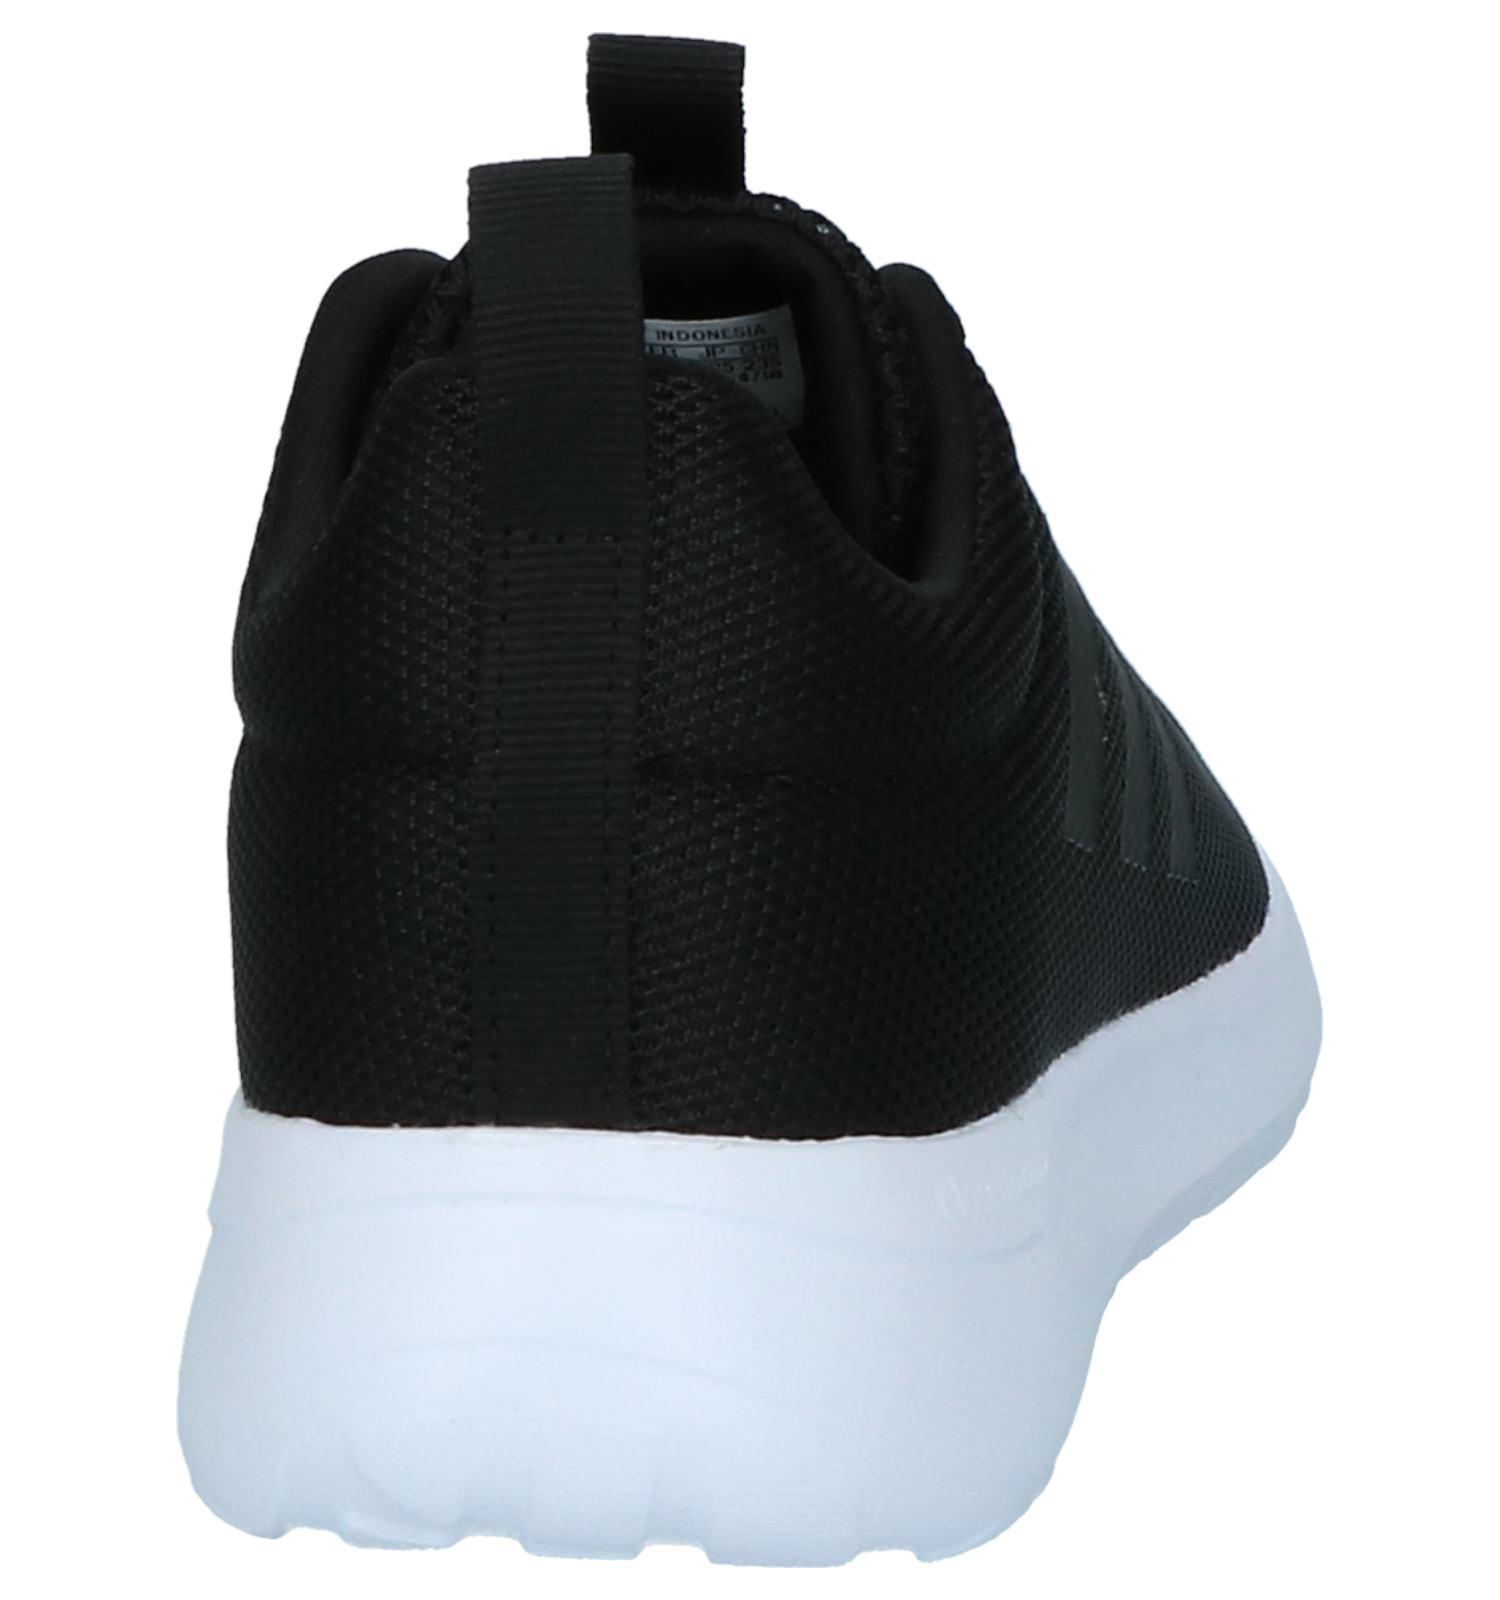 adidas Lite Racer Sneakers Zwart   SCHOENENTORFS.NL   Gratis
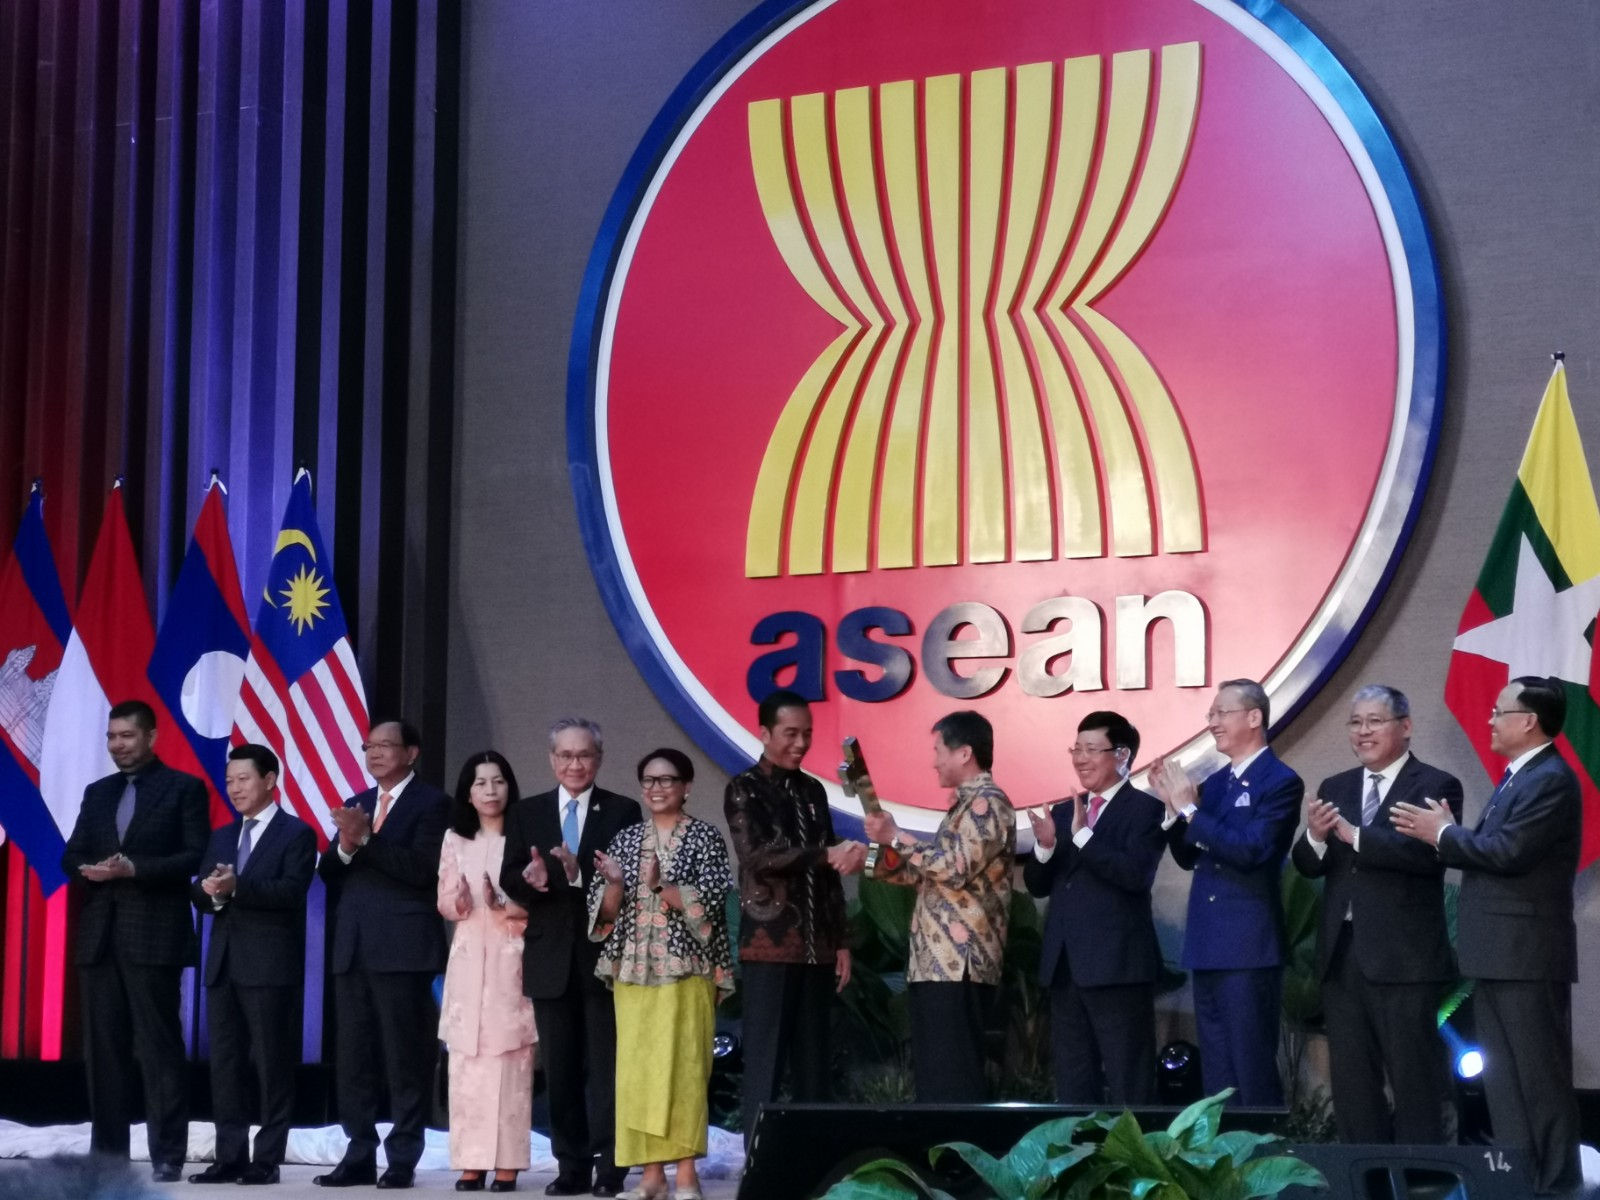 东盟秘书处新办公楼启用 印尼总统和东盟高官出席仪式
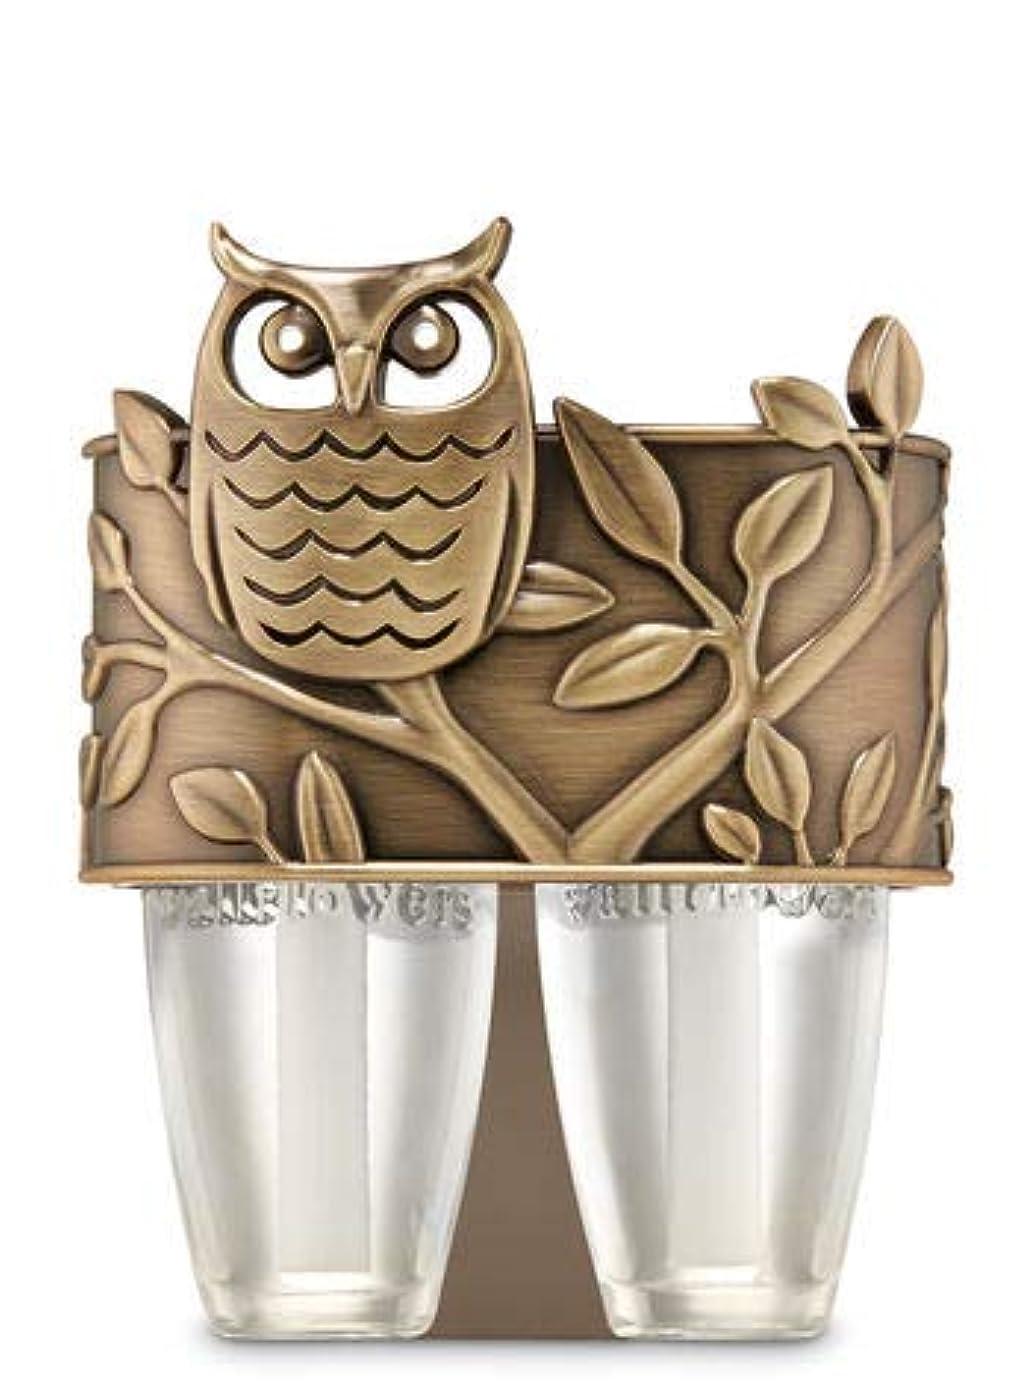 教育学同意する起きろ【Bath&Body Works/バス&ボディワークス】 ルームフレグランス プラグインスターター デュオプラグ (本体のみ) オウル フクロウ Scent Switching Wallflowers Duo Plug Owl [並行輸入品]

● ● ●

Your goal: Reproduce the full listing verbatim so that only the pictures are missing.

Your response:
 adidas Lite Racer Sneakers Zwart   SCHOENENTORFS.NL   Gratis
 东盟秘书处新办公楼启用 印尼总统和东盟高官出席仪式
 教育学同意する起きろ【Bath&Body Works/バス&ボディワークス】 ルームフレグランス プラグインスターター デュオプラグ (本体のみ) オウル フクロウ Scent Switching Wallflowers Duo Plug Owl [並行輸入品]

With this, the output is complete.